▶ TASK PROMPT: None of the images should appear in your copy. Transcribe the data in full.

::: DATASET EXCERPT

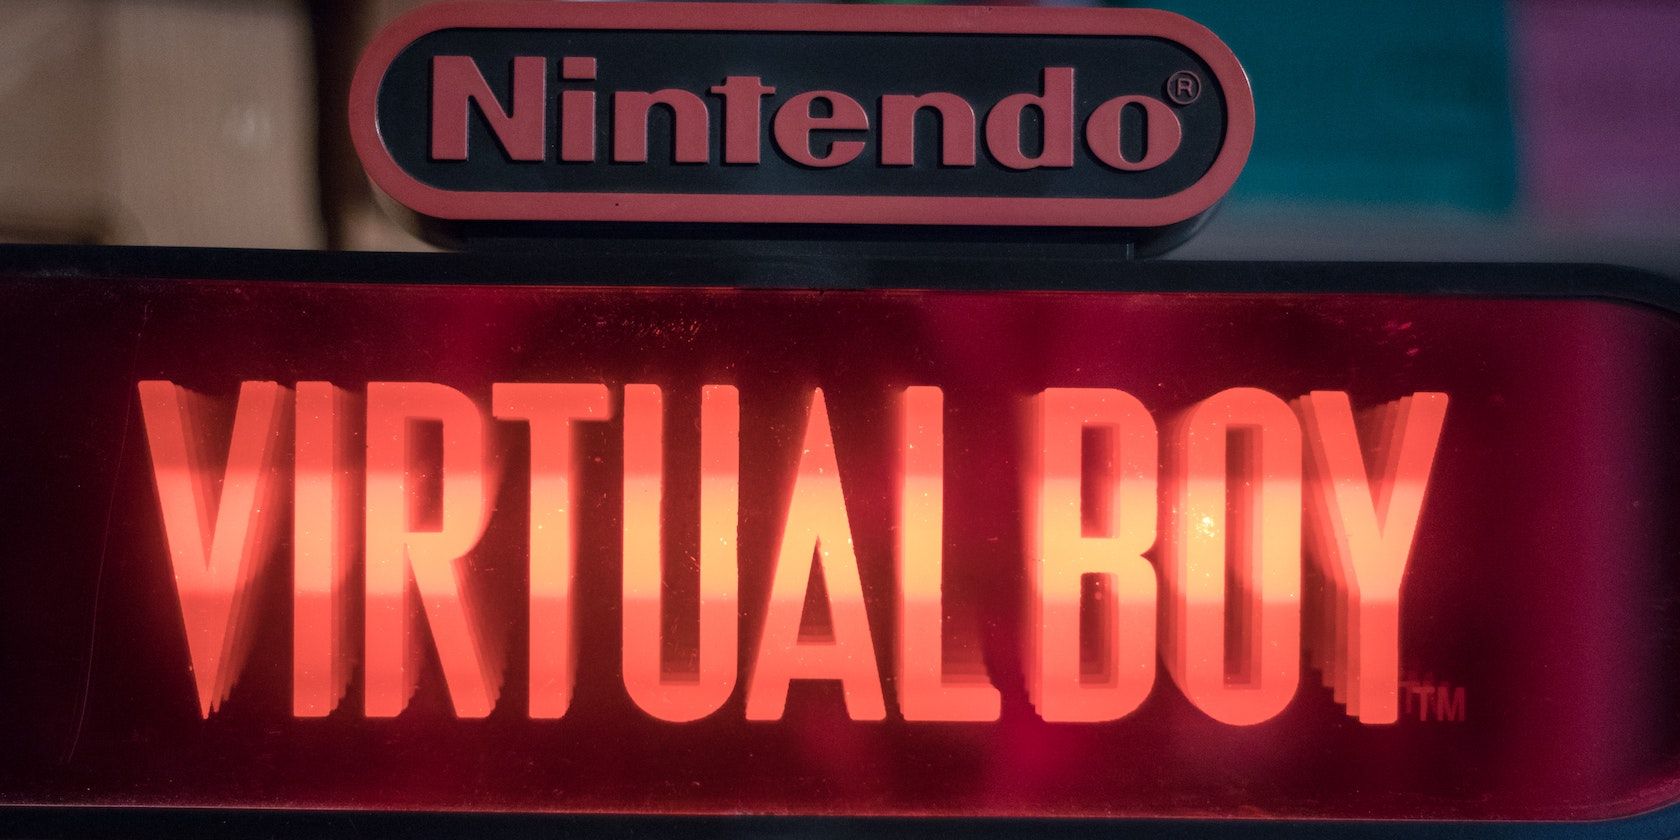 A sign for the Nintendo Virtual Boy
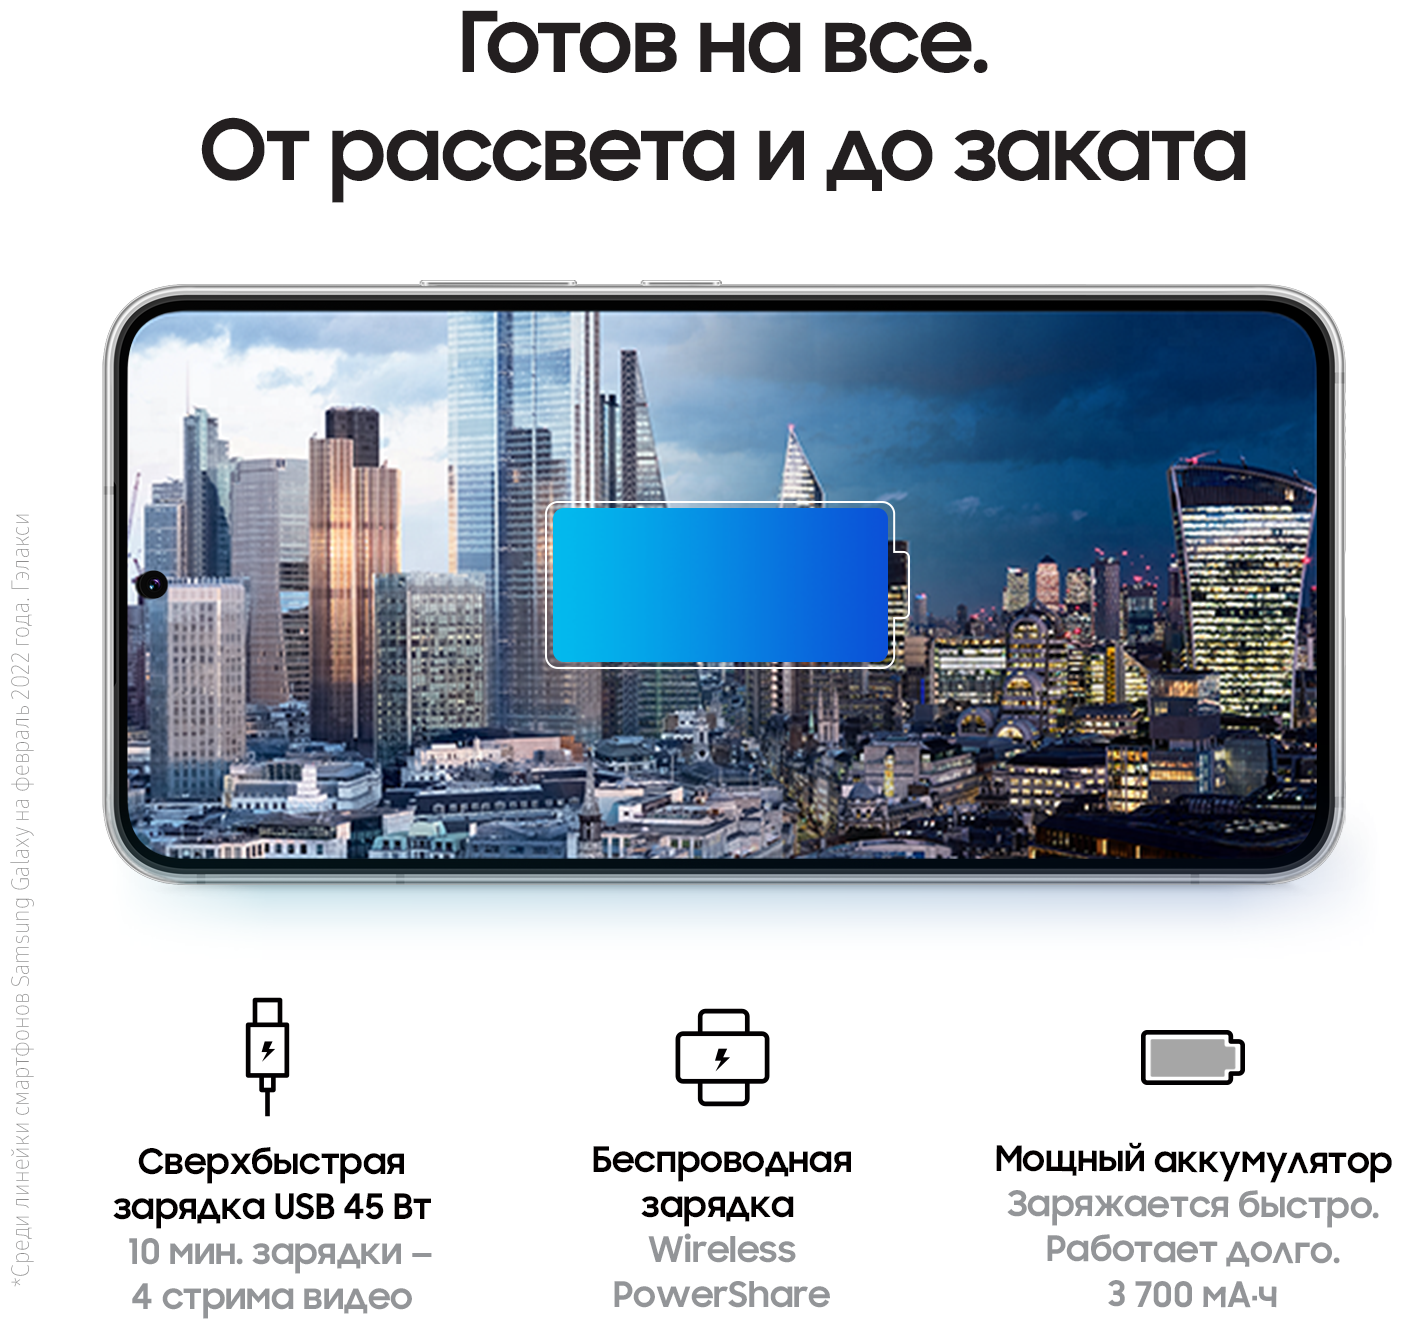 Samsung galaxy a8 – шустрый смартфон для любителей селфи
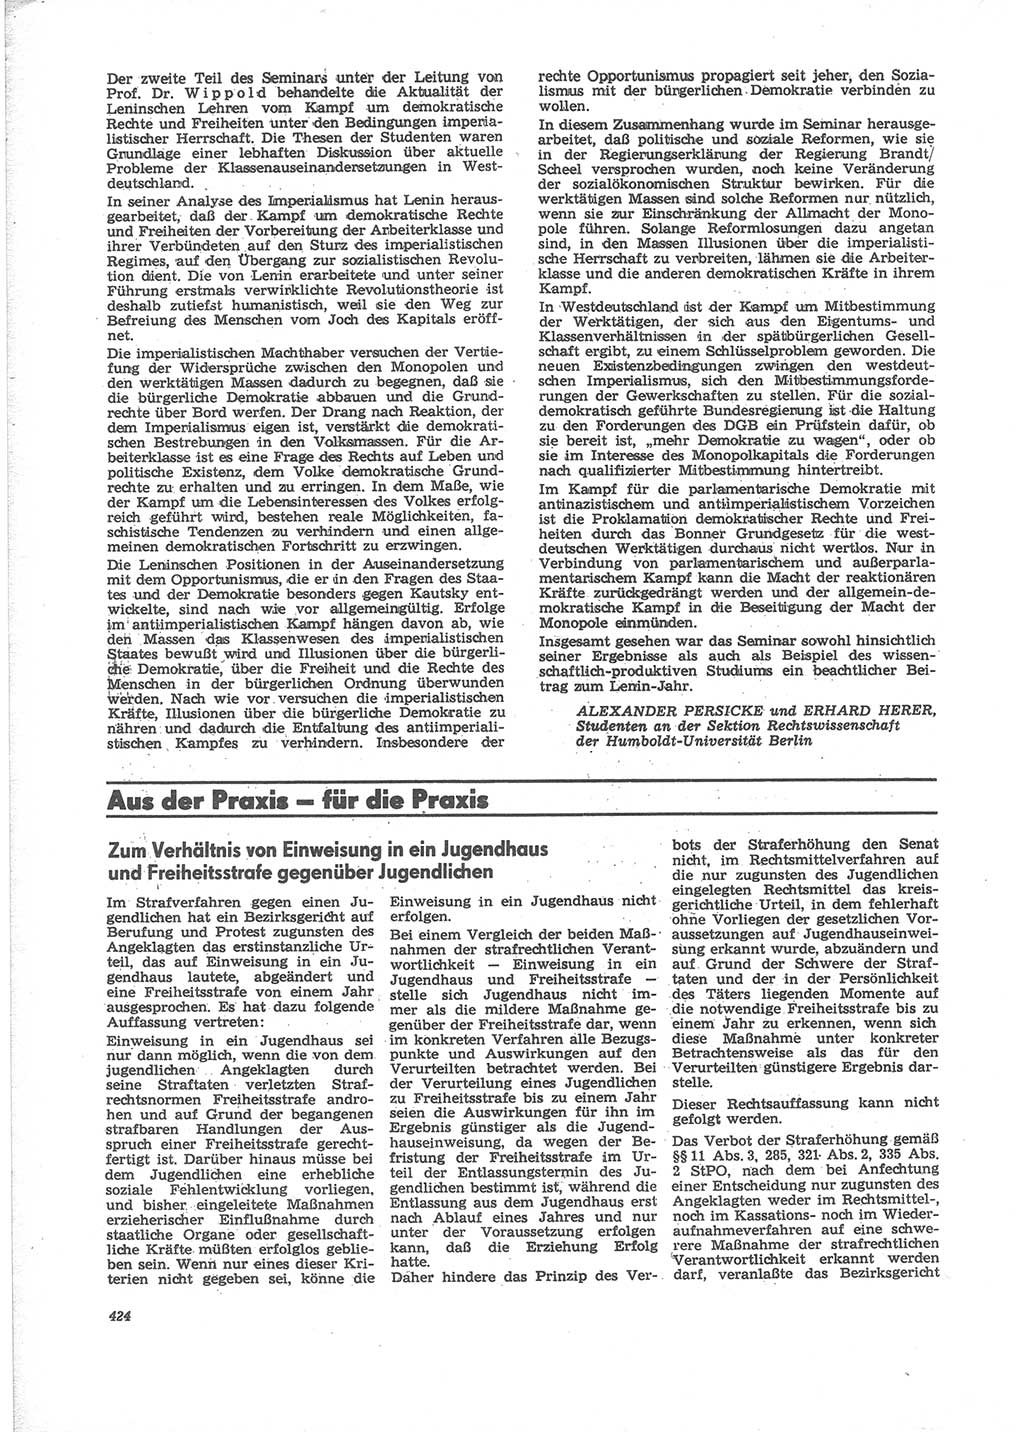 Neue Justiz (NJ), Zeitschrift für Recht und Rechtswissenschaft [Deutsche Demokratische Republik (DDR)], 24. Jahrgang 1970, Seite 424 (NJ DDR 1970, S. 424)

::::::

▶ WRITTEN RESPONSE:
 A sign for the Nintendo Virtual Boy
 Samsung galaxy a8 – шустрый смартфон для любителей селфи
 Neue Justiz (NJ), Zeitschrift für Recht und Rechtswissenschaft [Deutsche Demokratische Republik (DDR)], 24. Jahrgang 1970, Seite 424 (NJ DDR 1970, S. 424)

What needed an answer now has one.